Медицина и здравоохранение сегодня

Проведение исследования

Учебные материалы / Клиническое значение выявления CagA-белка H. pylori при гастродуоденальной патологии / Материалы и методы исследования / Проведение исследования

Страница 1

Взятие, доставка и хранение материала:

Исследуемый биопсийный материал опускается в стерильную сухую пробирку типа Эппендорф вместимостью 1,5 мл.

Пробу доставить в лабораторию в течение 2-х часов (в термосе со льдом) для выделения ДНК или заморозить и хранить при температуре - 20°C не более 2 недель.

Выделение ДНК из биопроб:

. В 1.5 мл пробирку с биоптатом добавить 100 мкл лизирующего раствора и инкубировать, периодически встряхивая, при 55оС до полного растворения ткани (это процесс занимает от 2 до 4 часов , при необходимости инкубацию можно проводить в течение ночи при 37оС).

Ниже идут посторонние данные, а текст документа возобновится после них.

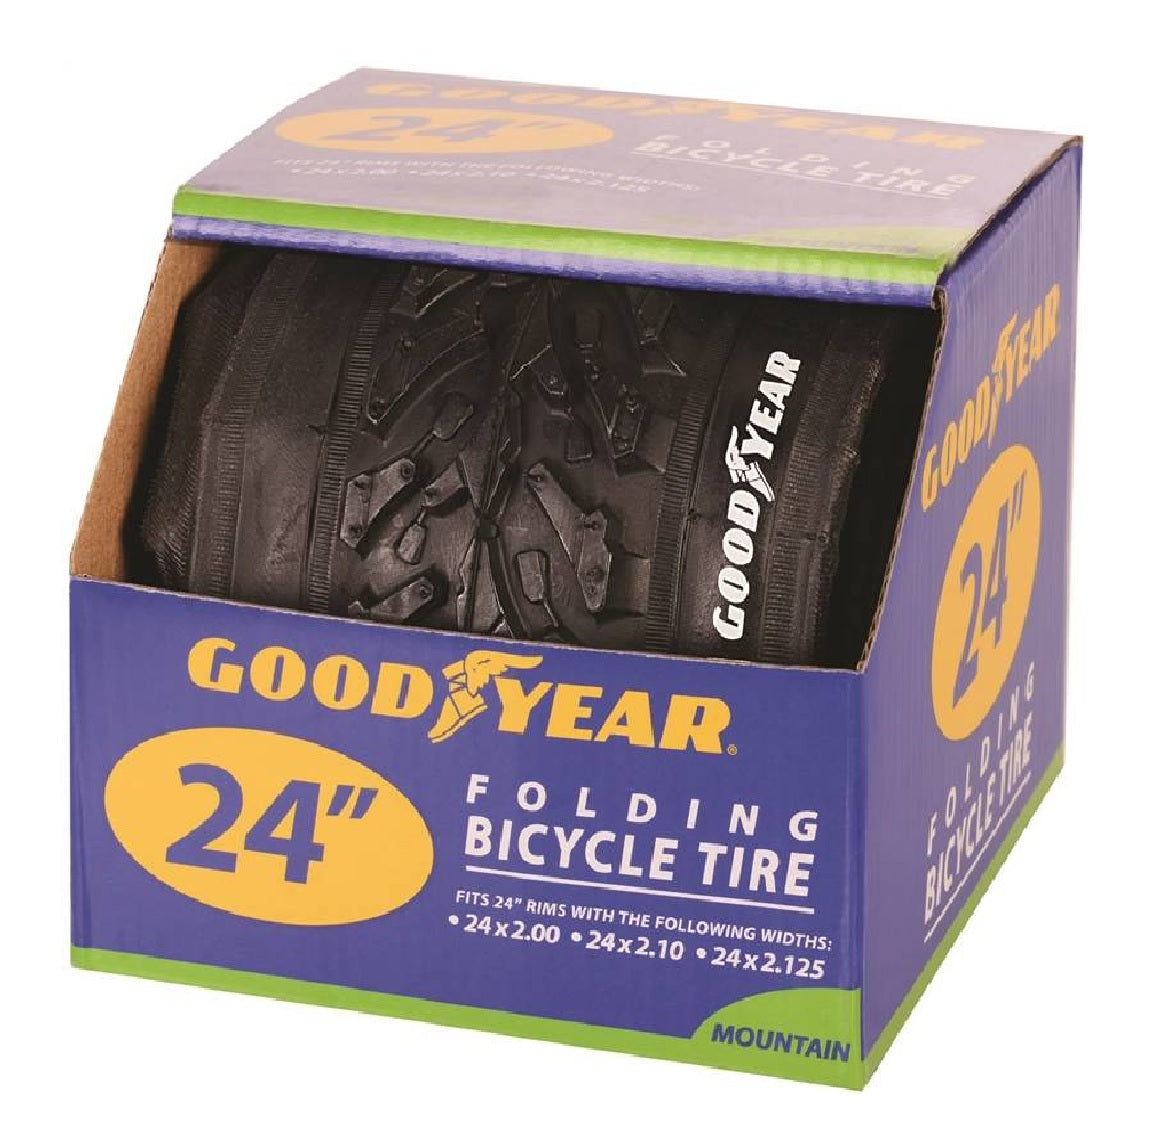 Goodyear 91116 24" Folding Bike Tire, Black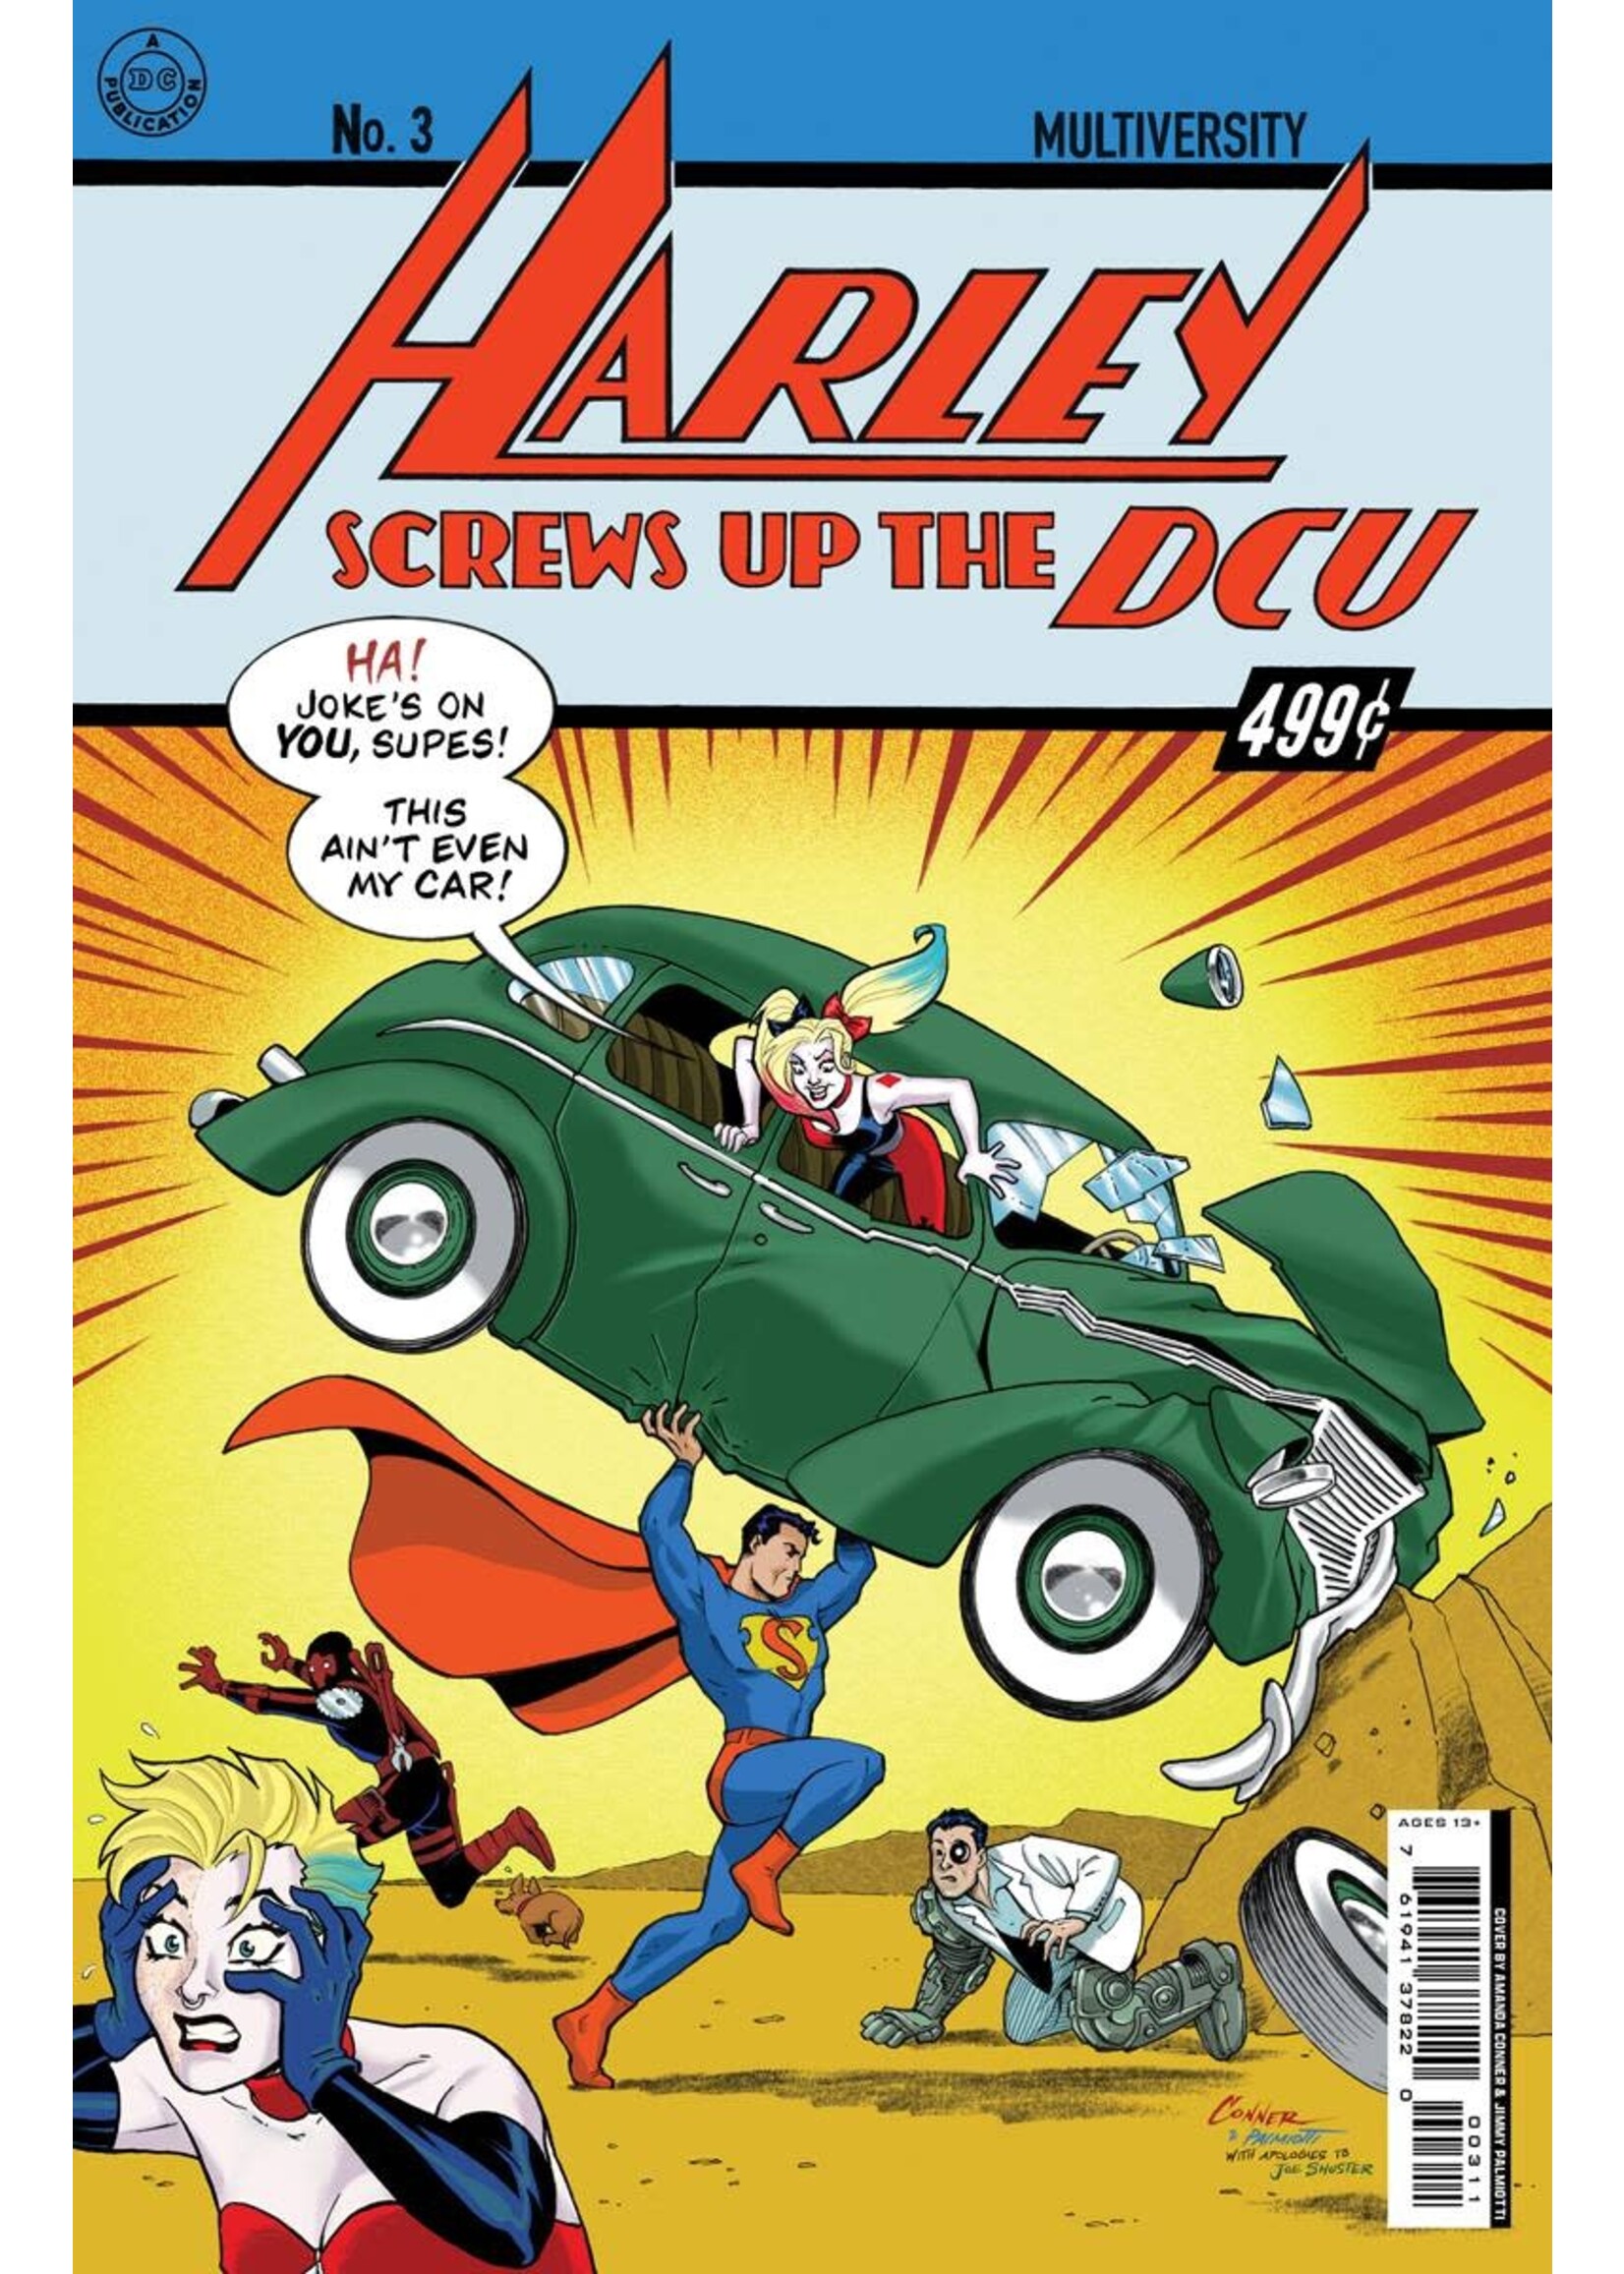 DC COMICS MULTIVERSITY HARLEY SCREWS UP THE DCU #3

. Осадить сконденсированные на внутренней поверхности пробирки капли жидкости центрифугированием в течение 5 сек при 8-12 тыс. об/мин. К полученному лизату добавить 20 мкл суспензии сорбента (перед добавлением суспензию тщательно перемешать) и 500 мкл раствора I . (Раствор I перед использованием прогреть на водяной бане 10 мин. при температуре 50-60оС и тщательно перемешать). Полученный раствор перемешать и инкубировать при комнатной температуре в течение 10 мин., периодически встряхивая на вортексе.

. Осадить сорбент центрифугированием на микроцентрифуге в течение 15 сек при 8-12 тыс. об/мин. Удалить супернатант.

На всех стадиях обработки клинического материала удаление супернатанта производят одноразовыми пластиковыми наконечниками при помощи вакуумного насоса в колбу-ловушку, содержащую дезинфицирующий раствор (3% хлорамин или 5% перекись водорода и т.п.)

. К осадку добавить 200 мкл раствора II, перемешать смесь, осадить сорбент центрифугированием в течение 15 сек на микроцентрифуге при 8-12 тыс. об/мин., удалить супернатант.

. Промыть сорбент 2 раза 1 мл раствора III , как описано в п.2.4

. Пробирки поместить в твердотельный термостат и подсушить сорбент 5-10 мин при температуре 55-60оС, оставляя пробирки открытыми.

. В пробирки с сорбентом добавить 50 мкл ТЕ буфера, закрыть их, тщательно перемешать на вортексе и инкубировать в течение 5 минут при 55-60оС.

. Пробирки центрифугировать 15 сек при 8-12 тыс.об/мин

Водную фазу (супернатант) использовать в качестве исследуемого образца ДНК для постановки реакции амплификации.

Водную фазу снятую с сорбента можно хранить при температуре -20оС в течение 6 месяцев.

Проведение ПЦР (амплификация):

. Приготовить и пронумеровать пробирки для проведения амплификации вместимостью 0,5 мл (или 0,2 мл), включая пробирки для положительных и отрицательного контрольных образцов

. За 20-30 минут до приготовления амплификационной смеси извлечь комплект реагентов для амплификации из морозильника, разморозить содержимое (желательно поместить пробирку с Taq-полимеразой в ледяную баню). Размороженные пробирки тщательно встряхнуть для перемешивания содержимого.

. Из компонентов набора приготовить смесь реагентов для амплификации из расчета на 1 пробу:

ХЕЛИКОПОЛ:

Разбавитель17,5 мкл,

Реакционная смесь32,5 мкл,полимераза0,2мкл

Рекомендуется готовить смесь реагентов не менее чем на 5 реакций для достоверной дозировки объема фермента

Для каждой смеси праймеров готовится отдельная амплификационная смесь. Все компоненты добавлять отдельными наконечниками.

. После добавления Taq-полимеразы, которое производится в последнюю очередь, необходимо тщательно перемешать смесь пипетированием.

. Добавить по 20 мкл амплификационной смеси во все пробирки, подготовленные для амплификации (для ХЕДИКОПОЛ СА, VA, BA и IA-по 25 мкл).

. Добавить во все пробирки по 1 капле (около 25 мкл) минерального масла.

. Внести 5 мкл образца из обработанной анализируемой пробы (см п. выделение ДНК) в соответствующую пробирку с амплификационной смесью для проведения амплификации под слой масла.